The case involved a Debenture Trust Agreement (DTA) and Debenture Trust Deed (DTD) executed in 2017 between Reynold Shirting Ltd. (Principal Borrower) and the Financial Creditor, and a separate Guarantee Agreement executed by the Corporate Debtor. The original default dated back to June–September 2020, which fell within the Section 10A period. The Financial Creditor filed a Section 7 petition in 2022, but it was withdrawn after a Restructuring Agreement was entered into on 27.12.2022. The Corporate Debtor voluntarily participated in the restructuring, acknowledged joint liability, and agreed to repay a revised sum of ₹162.5 crore in instalments. However, the Principal Borrower defaulted on the second instalment due on 25.03.2023. A fresh recall-cum-invocation of the corporate guarantee was issued on 23.01.2024, and a new Section 7 application was filed thereafter, which was admitted by the Adjudicating Authority.
The Appellant contended that the restructuring did not alter the original date of default and that once a guarantee was invoked, it could not be repeatedly invoked to establish a new cause of action. It was also argued that the IRP appointed was biased due to past employment with the Financial Creditor. The NCLAT rejected these arguments, holding that the Guarantee Agreement was a continuing guarantee and that the Restructure Letter of 27.12.2022 had expressly superseded earlier arrangements, thereby creating fresh and enforceable obligations. The default of 25.03.2023 was treated as a distinct and subsequent event of default not covered under the Section 10A moratorium.

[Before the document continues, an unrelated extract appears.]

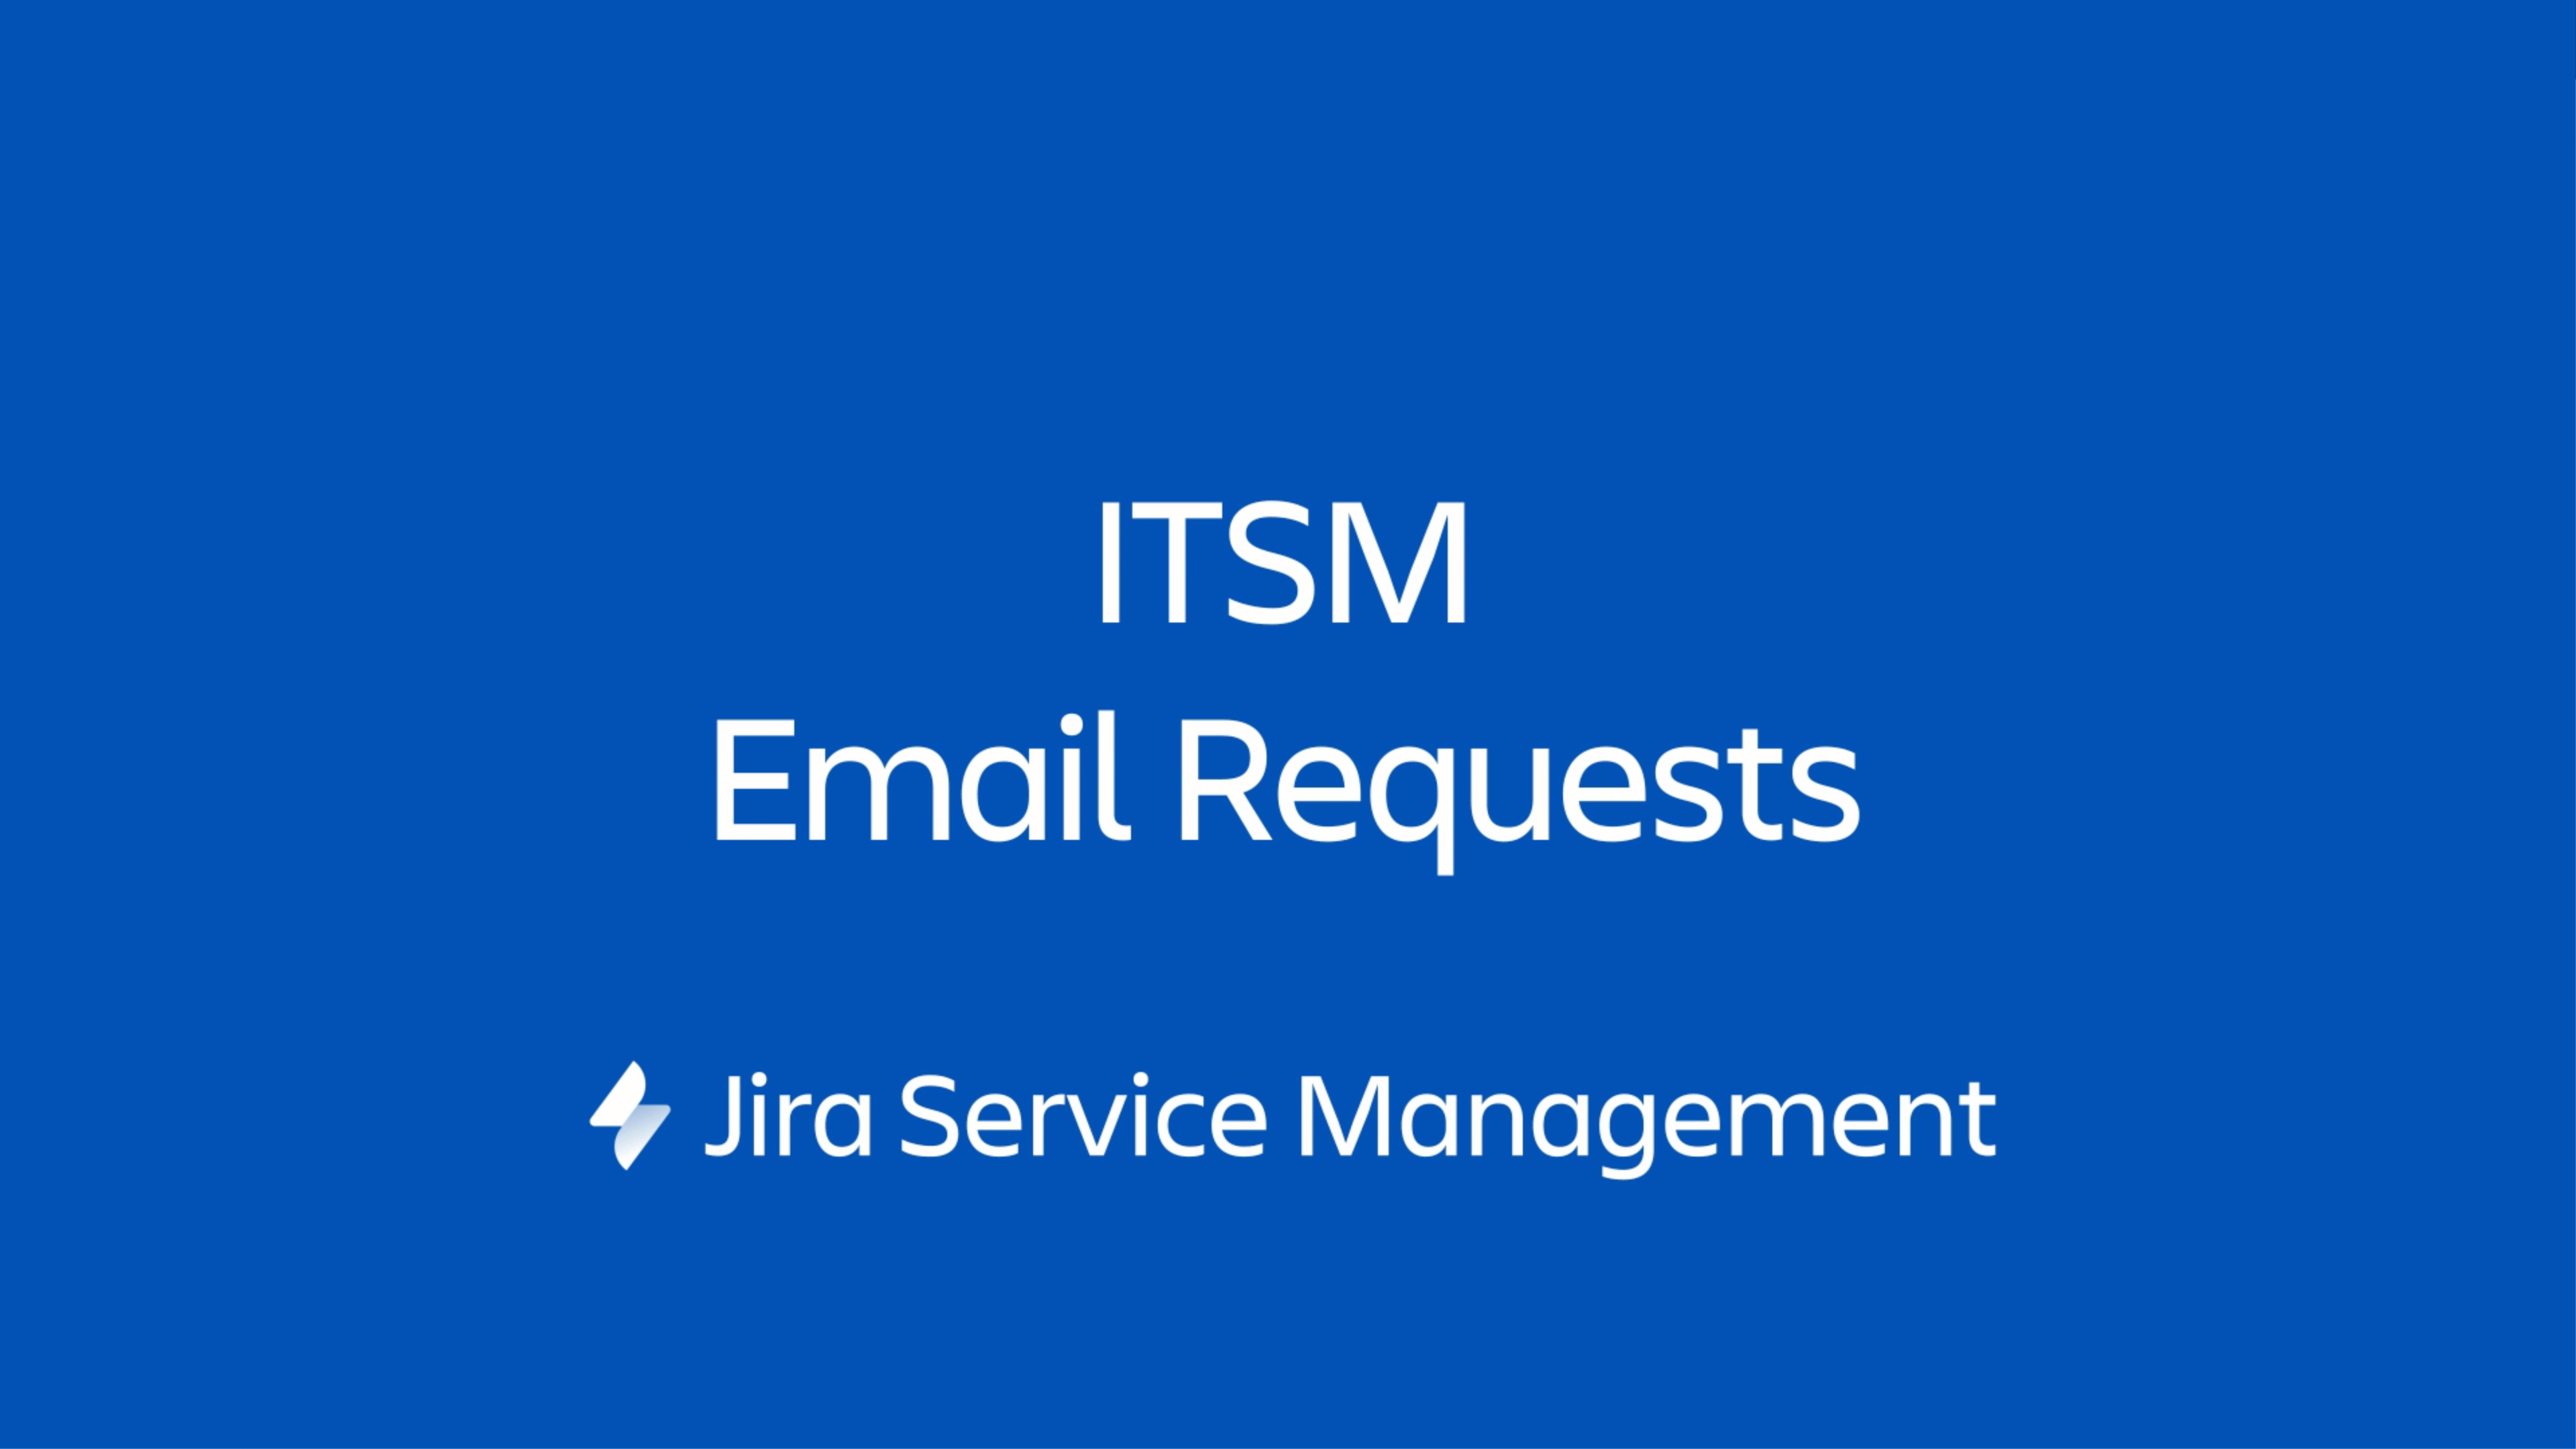 Solicitudes por correo electrónico de ITSM en Jira Service Management

The Appellate Tribunal further noted that the invocation of the guarantee in January 2024 was valid and based on default of the restructured terms, thus forming a fresh cause of action.
The NCLAT also found no merit in the allegation of bias against the IRP, relying on the Supreme Court’s judgment in State Bank of India v. Metenere Limited, REEDLAW 2020 SC 08531, which clarified that prior employment alone does not disqualify an IRP in the absence of a current conflict of interest. The Tribunal held that the Adjudicating Authority had rightly accepted the Financial Creditor’s application and there was no illegality in initiating CIRP on the basis of post-restructuring default. Accordingly, the appeal was dismissed, affirming the Adjudicating Authority’s order, with no order as to costs.
Mr. Krishnendu Dutta, Sr. Advocate, with Mr. Shashank Patnaik, Mr. Karan Grover and Mr. Yash Tandon, Advocates, represented the Appellant.
Mr. Abhijeet Sinha, Sr. Advocate with Mr. Pranay Chitale and Ms. Smiti Verma, Advocates, appeared for the Respondent No. 1.
Mr. Ayush J. Rajani, Advocate, appeared for the Respondent No. 2/RP.